• Task directions:
For the material below, set down exactly the lines between the one containing "volterra tuscany italy" and the last line, both included, leaving every picture out.

• The data:
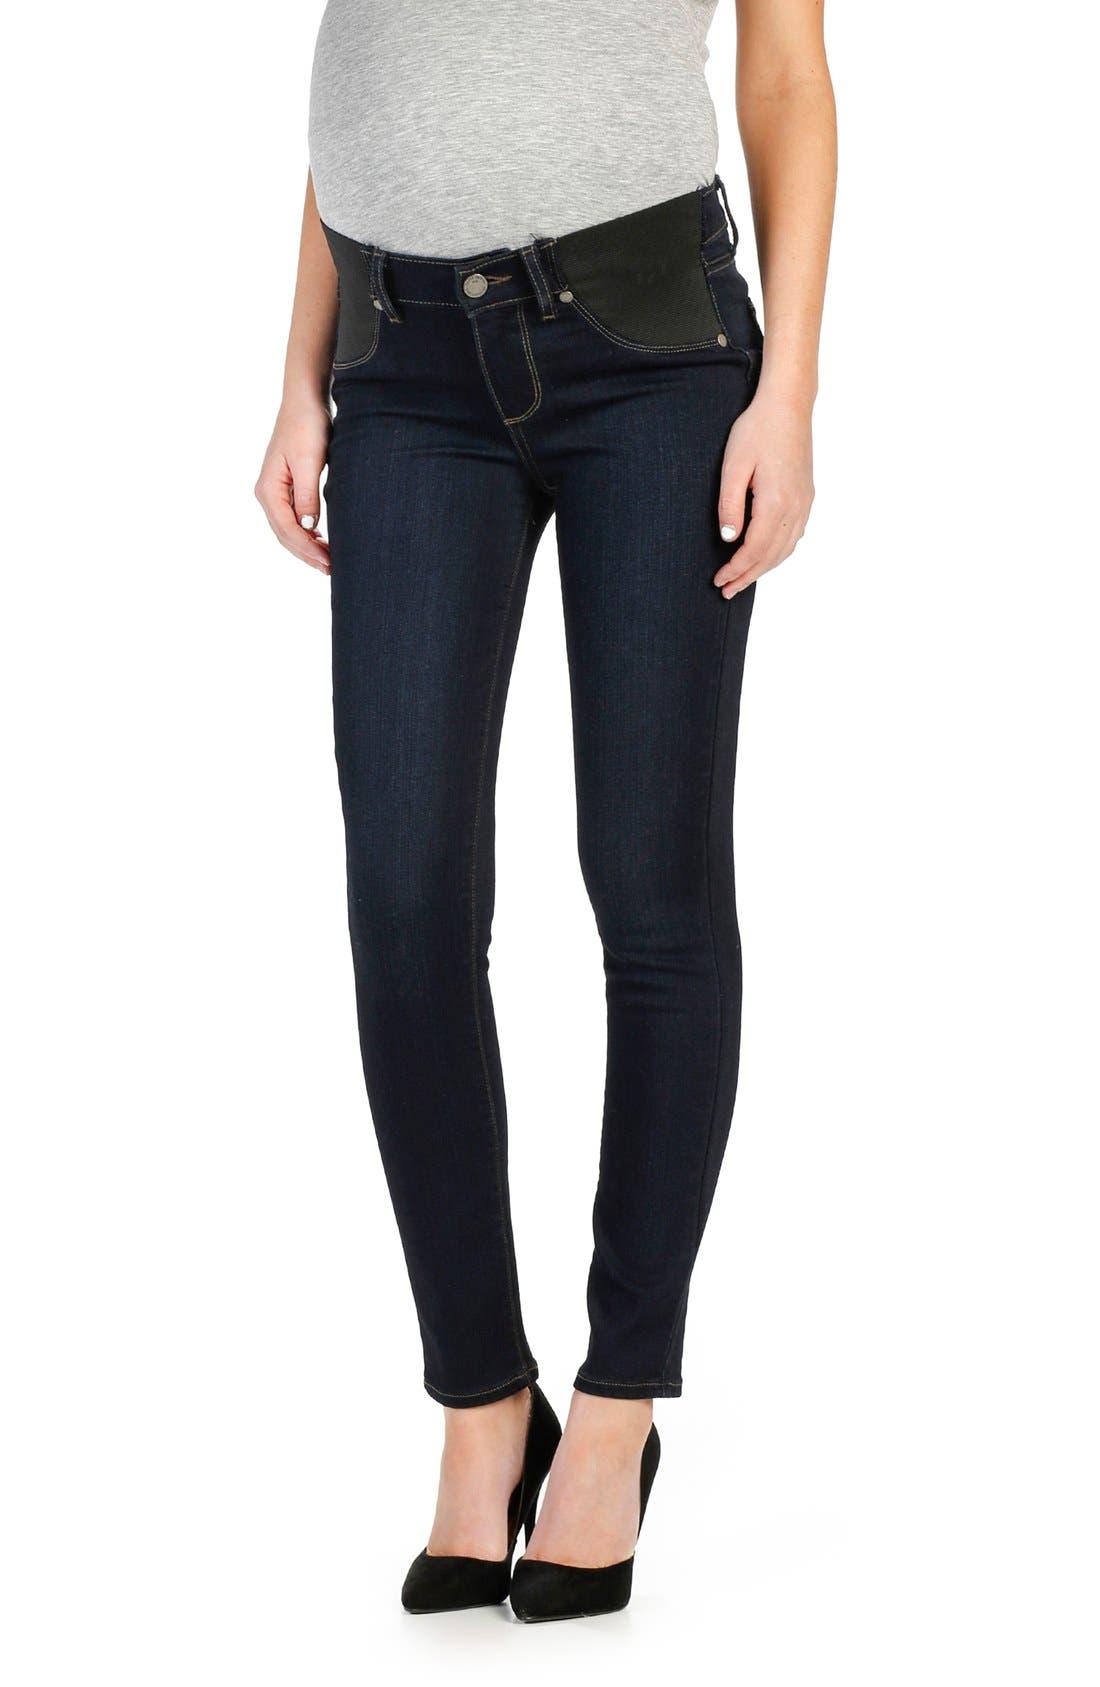 Transcend - Verdugo Ankle Skinny Maternity Jeans,                         Main,                         color, MONA
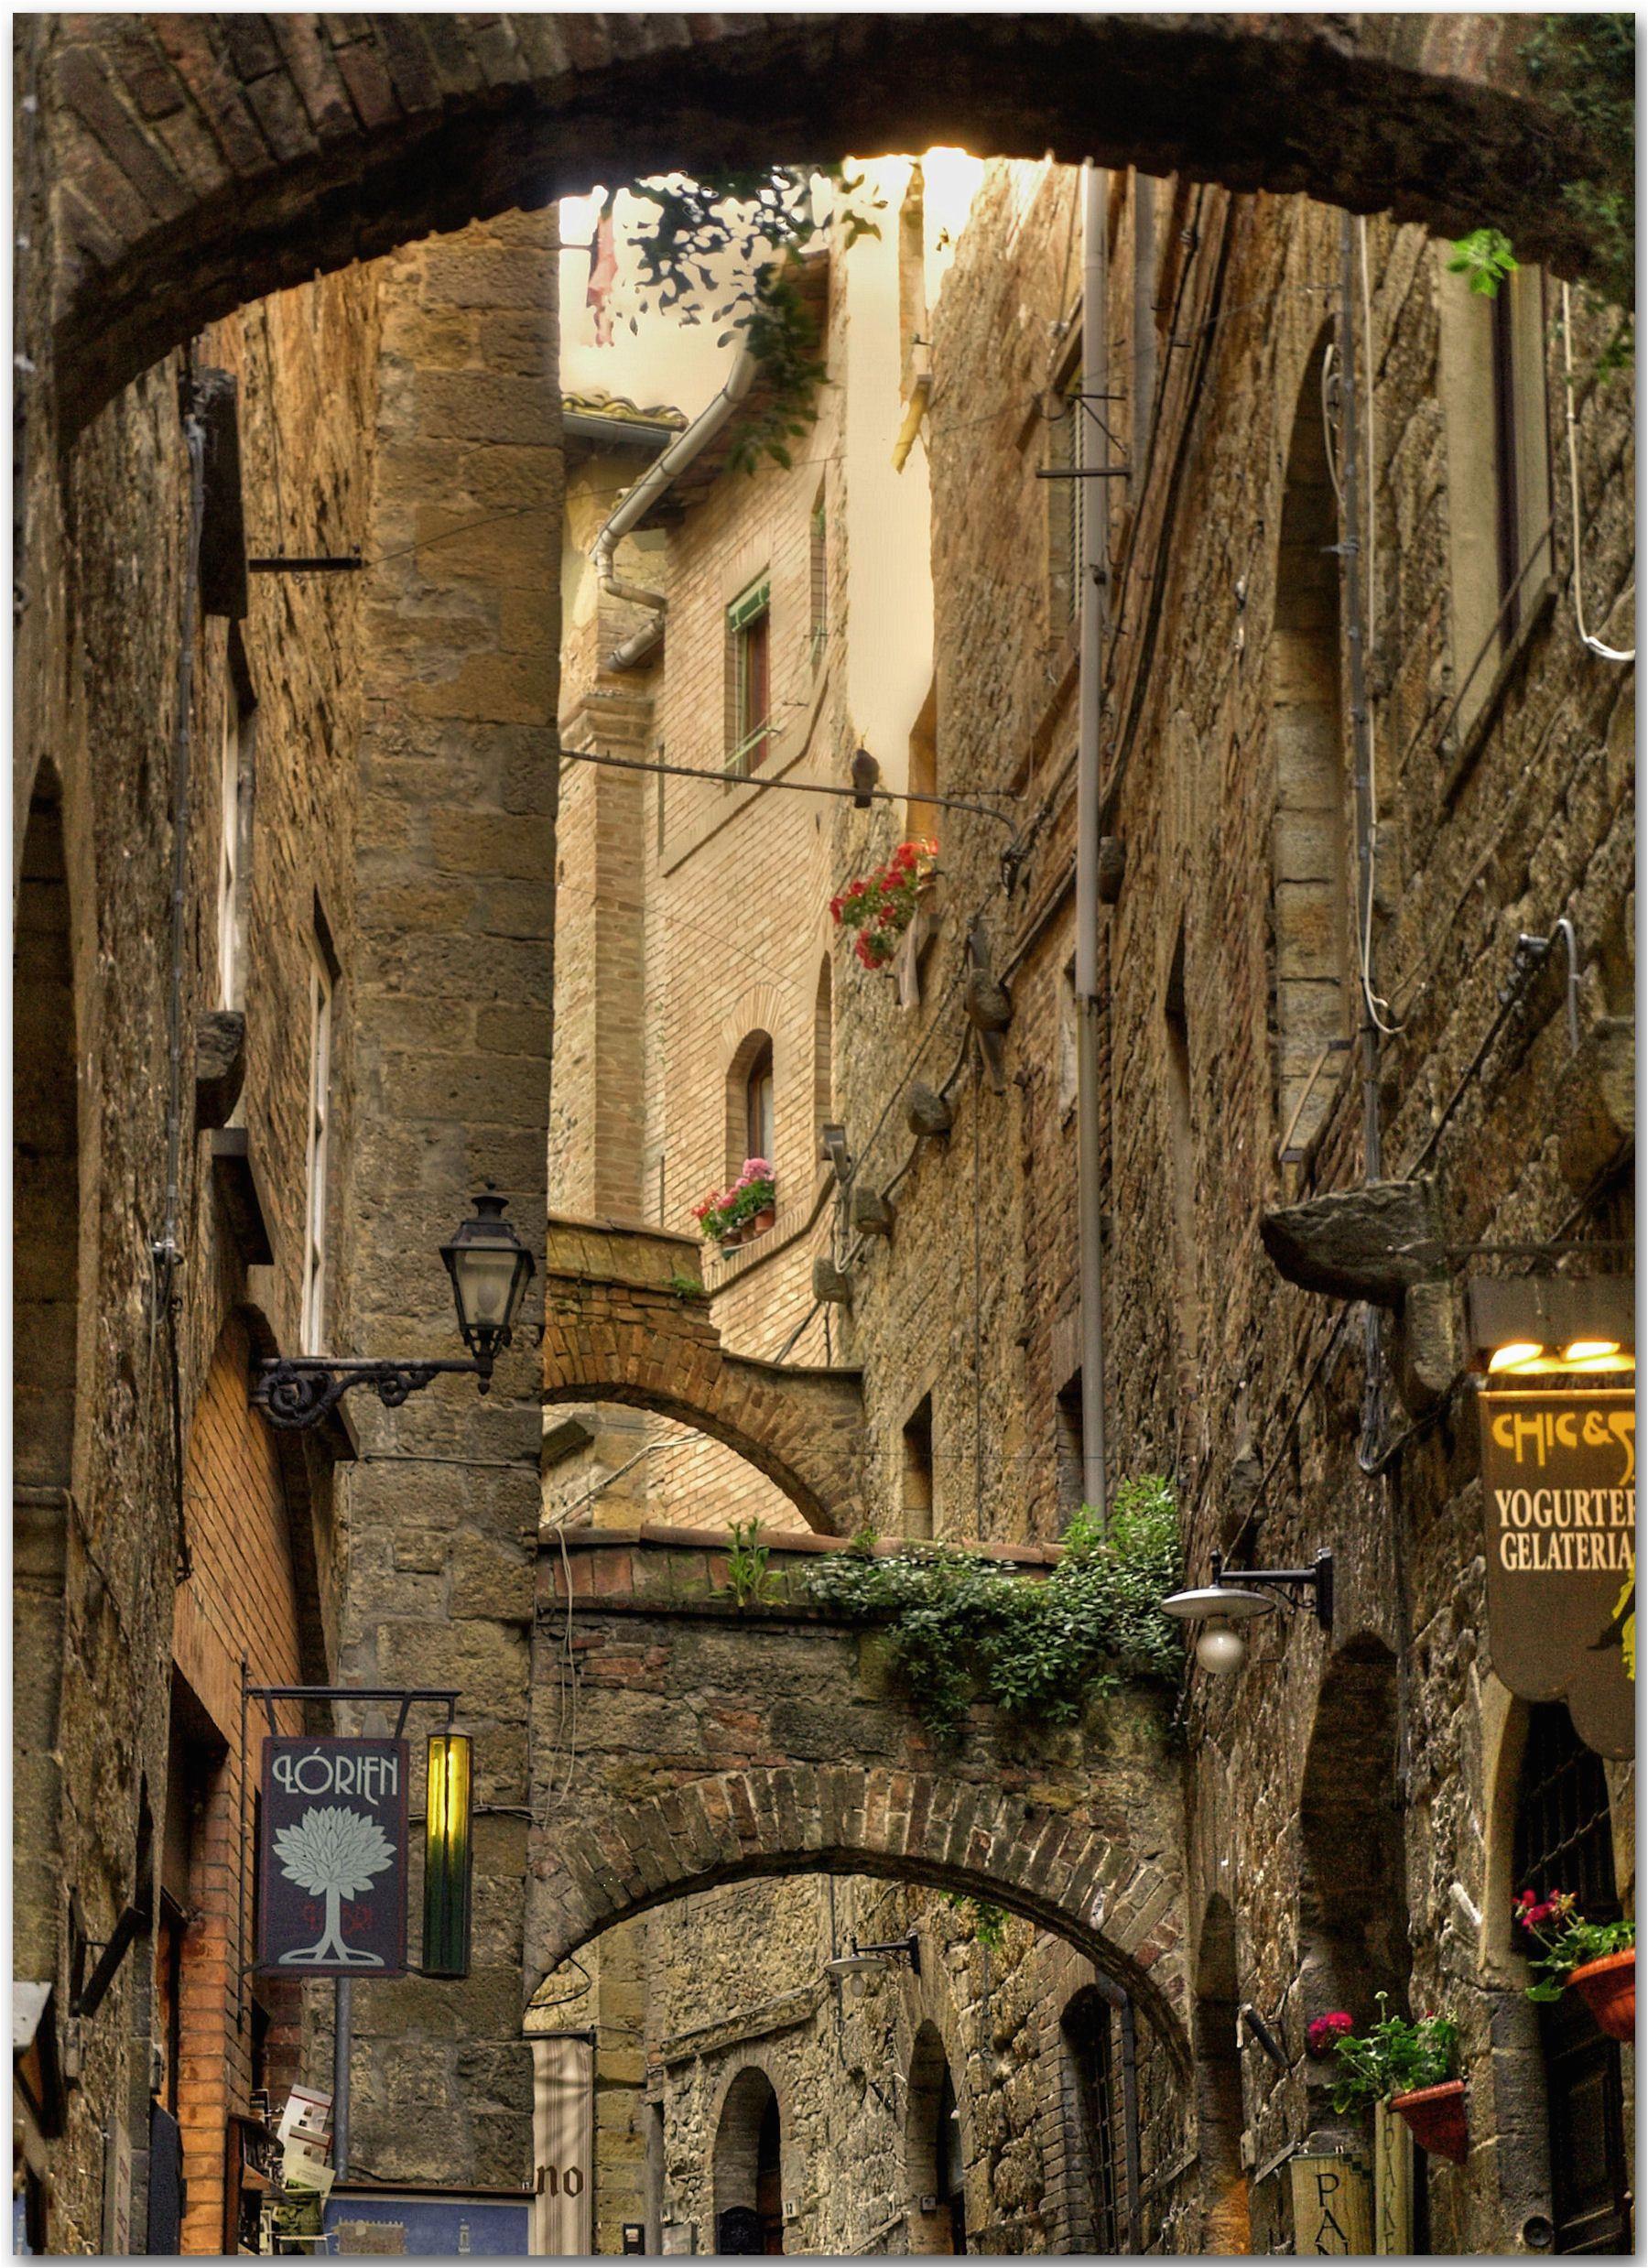 volterra tuscany italy charming small alley near the piazza dei
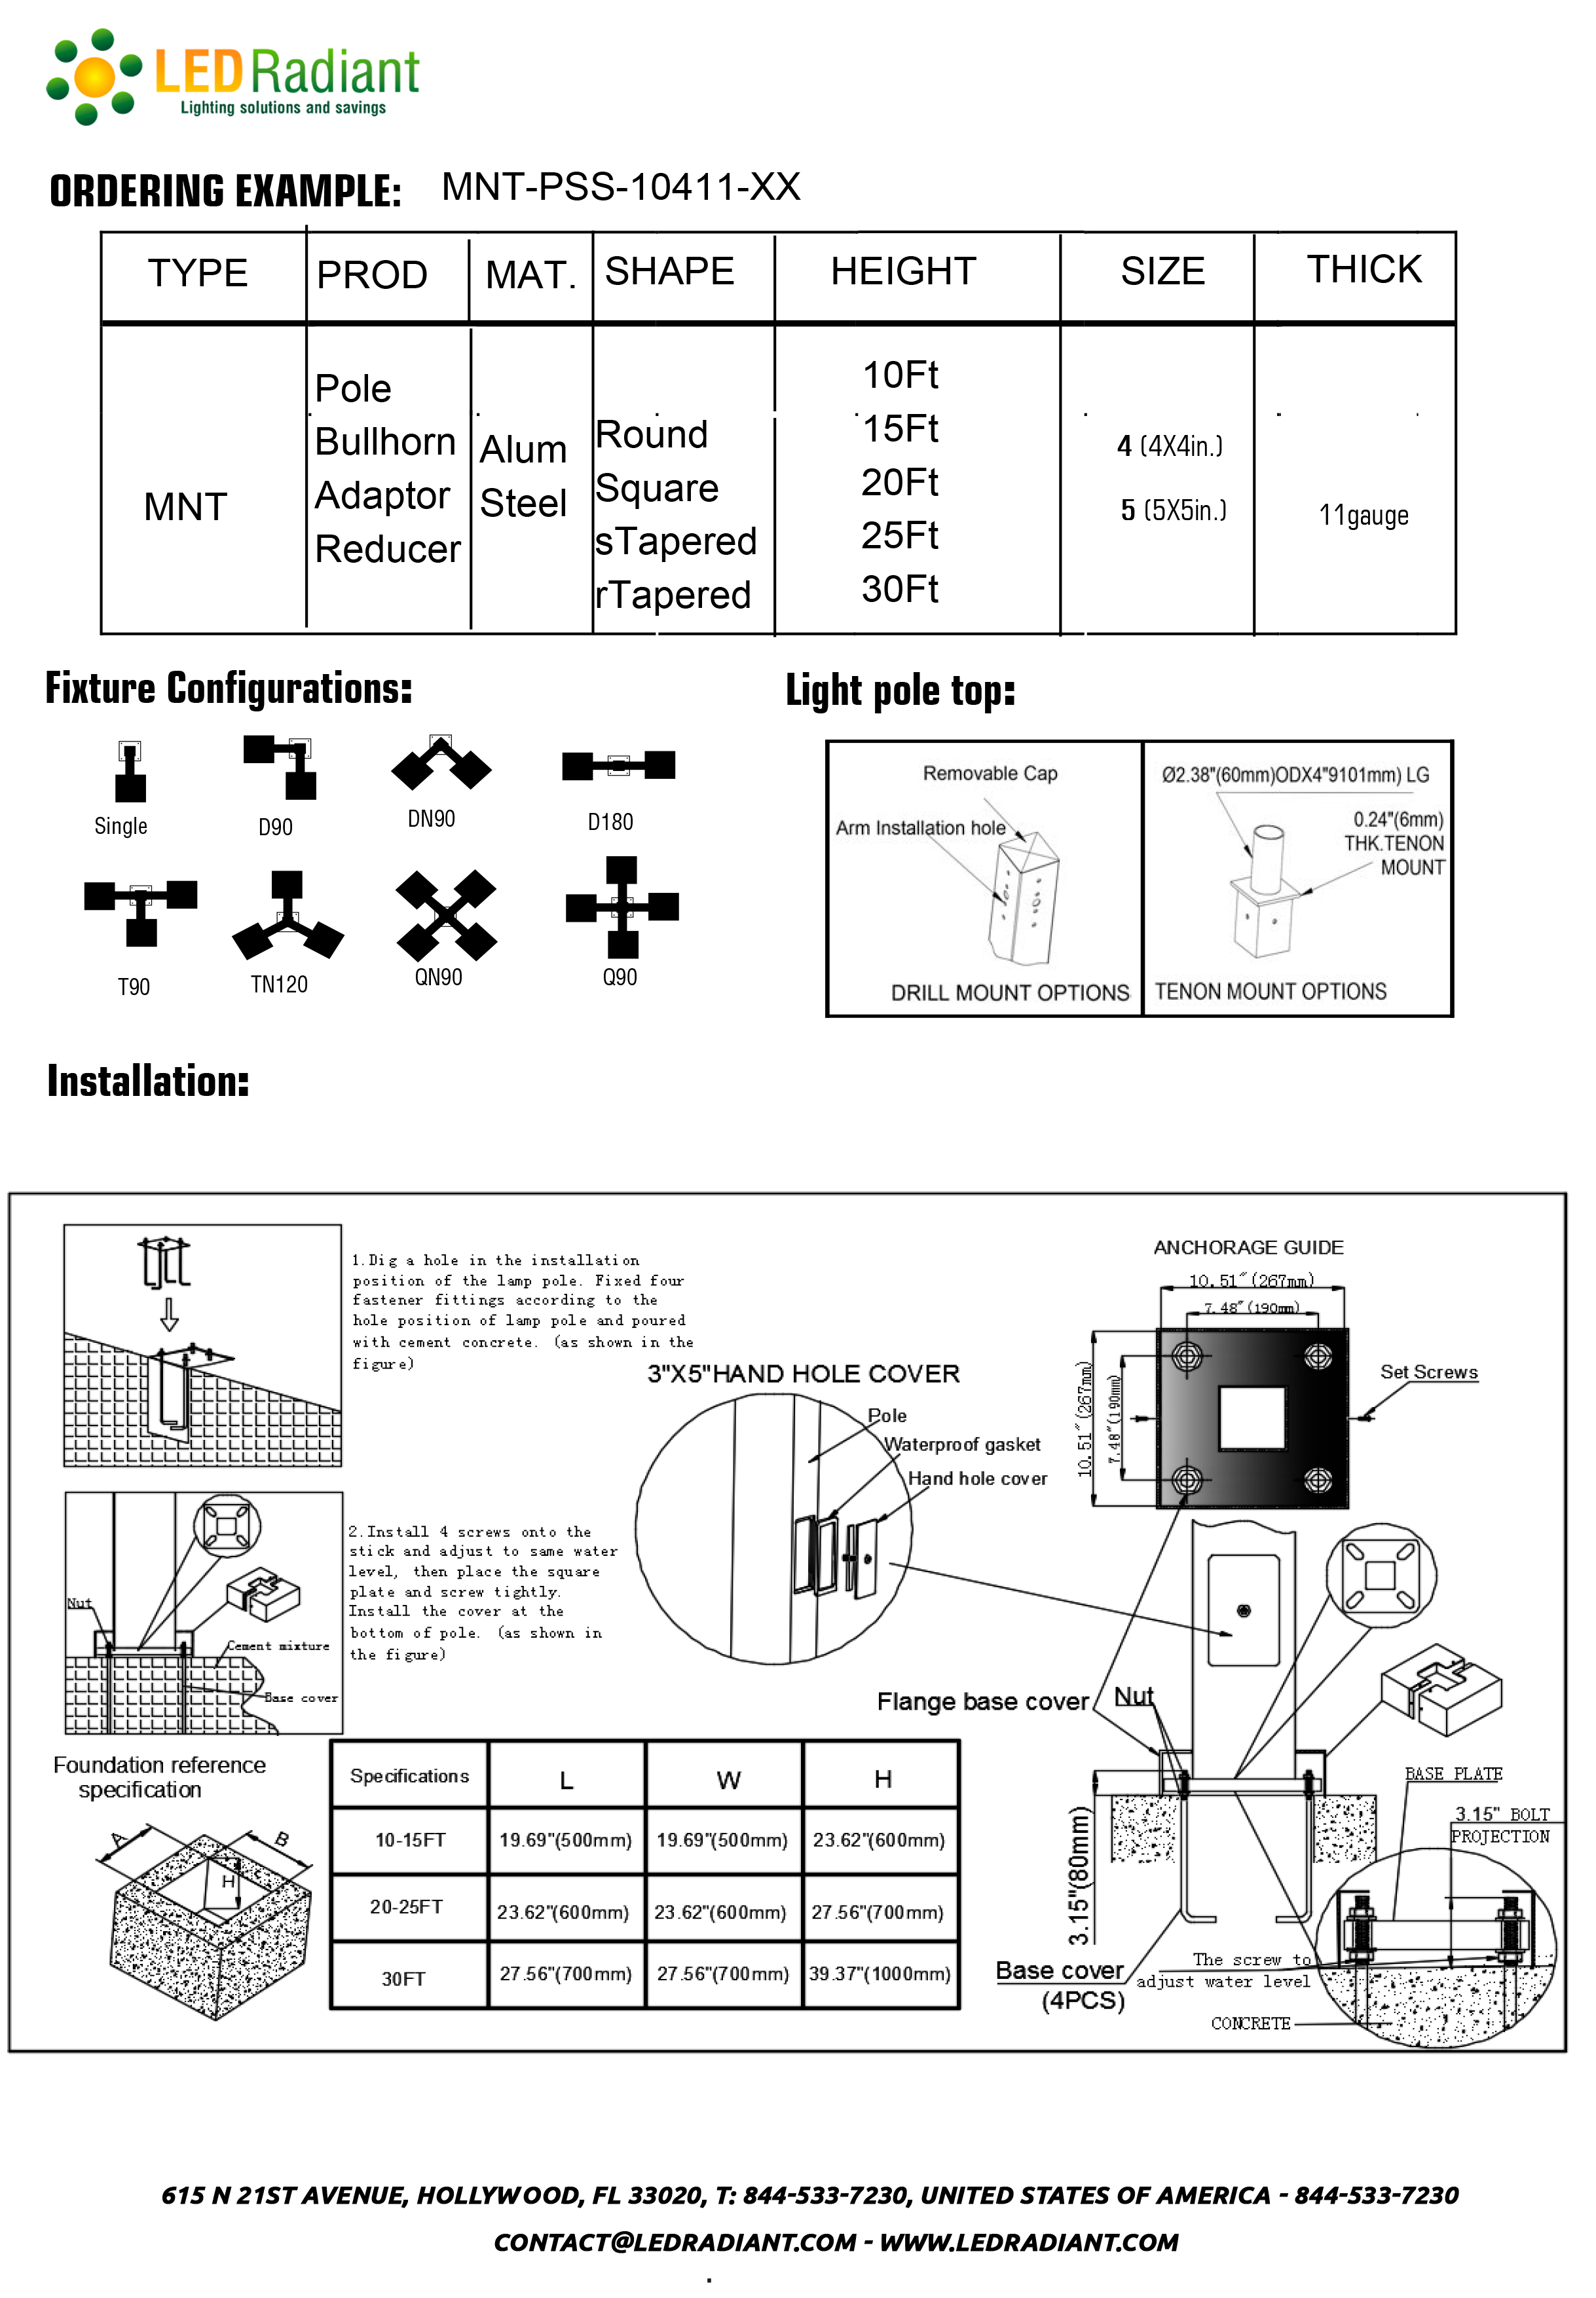 10Ft steel straight square steel pole drawings

• Solution:
 volterra tuscany italy charming small alley near the piazza dei
 10Ft steel straight square steel pole drawings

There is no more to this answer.